The challenges in their daily operations, such as downtime, remote monitoring, and the need for real-time insights needed an immediate solution. The partnership with SenseGrow delivered them a prompt, innovative, and reliable solution. The primary focus of this collaboration was implementing a predictive maintenance (PdM) solution specially tailored for Electrical Submersible Pump (ESP) systems.
Faults Addressed:
Gas Slugging, Gas Locking, Frac Hits, HWT issues, Intake Pressure Anomalies; Anomaly Detection and Failure Risk Prediction for ESP
Progression:
In the Proof of Concept (POC) phase, over 250 pumps were assessed to showcase the accuracy of SenseGrow’s predictive maintenance ESP model. The customized solution not only identified potential faults but also demonstrated its ability to proactively address issues before they became major problems.

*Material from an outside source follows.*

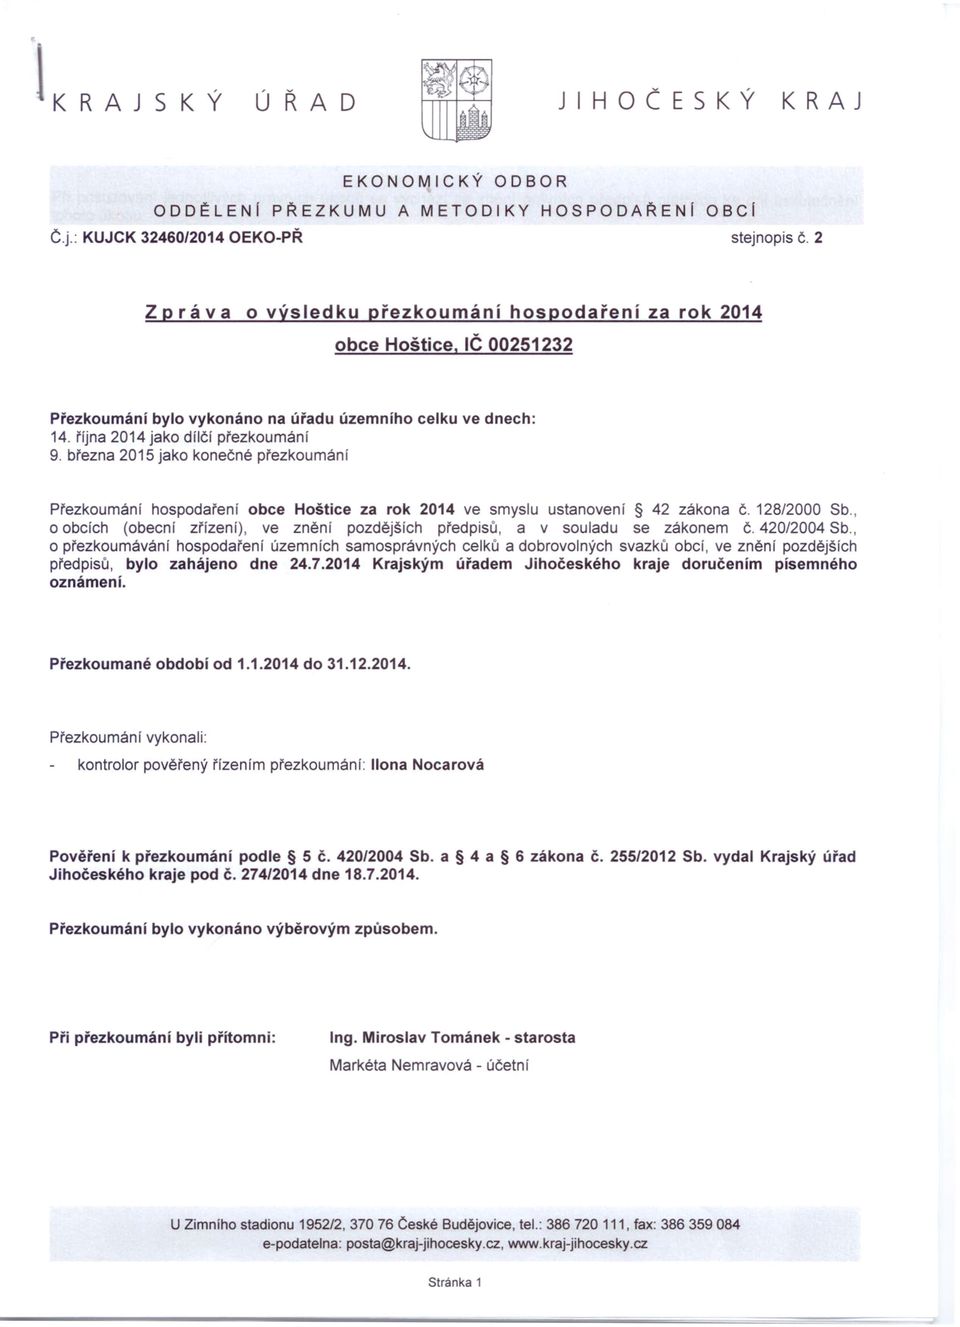 března 2015 jako konečné přezkoumání č. Přezkournání hospodaření obce Hoštice za rok 2014 ve smyslu ustanovení 42 zákona 128/2000 Sb.

With this approach, the model greatly improved uptime and operational reliability. The company decided to extend the implementation to 600 pumps first and then to 1251 pumps.
Outcome:
SenseGrow’s real-time condition monitoring expertise proved valuable for the company, a leader in oilfield production technology. With an extensive network of ESPs, they required a PdM solution capable of efficiently detecting and addressing anomalies while generating faults based on those detected. By integrating the customized PdM solution into their operations, the company was able to meet this critical need.

Challenges in Implementing Machine Learning:

While machine learning holds tremendous potential, its implementation comes with challenges. Issues such as quality as well as availability of continuous data, the interpretability of complex models, and end user feedback and co-operation must be addressed to ensure the successful integration of machine learning into existing ESP maintenance practices. Collaborative efforts within the industry, investments in research and development, and the establishment of best practices are recommended to ensure widespread adoption of these cutting-edge solutions.

Conclusion:

In conclusion, the collaboration of machine learning and ESP maintenance represents a paradigm shift in the oil and gas industry. The same applies to ESPs in water application. By embracing these advanced technologies, companies can significantly enhance the reliability of ESPs, optimize production efficiency, and ultimately achieve greater operational success. The time is ripe for the industry to adopt machine learning as a key enabler for predictive maintenance in electrical submersible pump systems.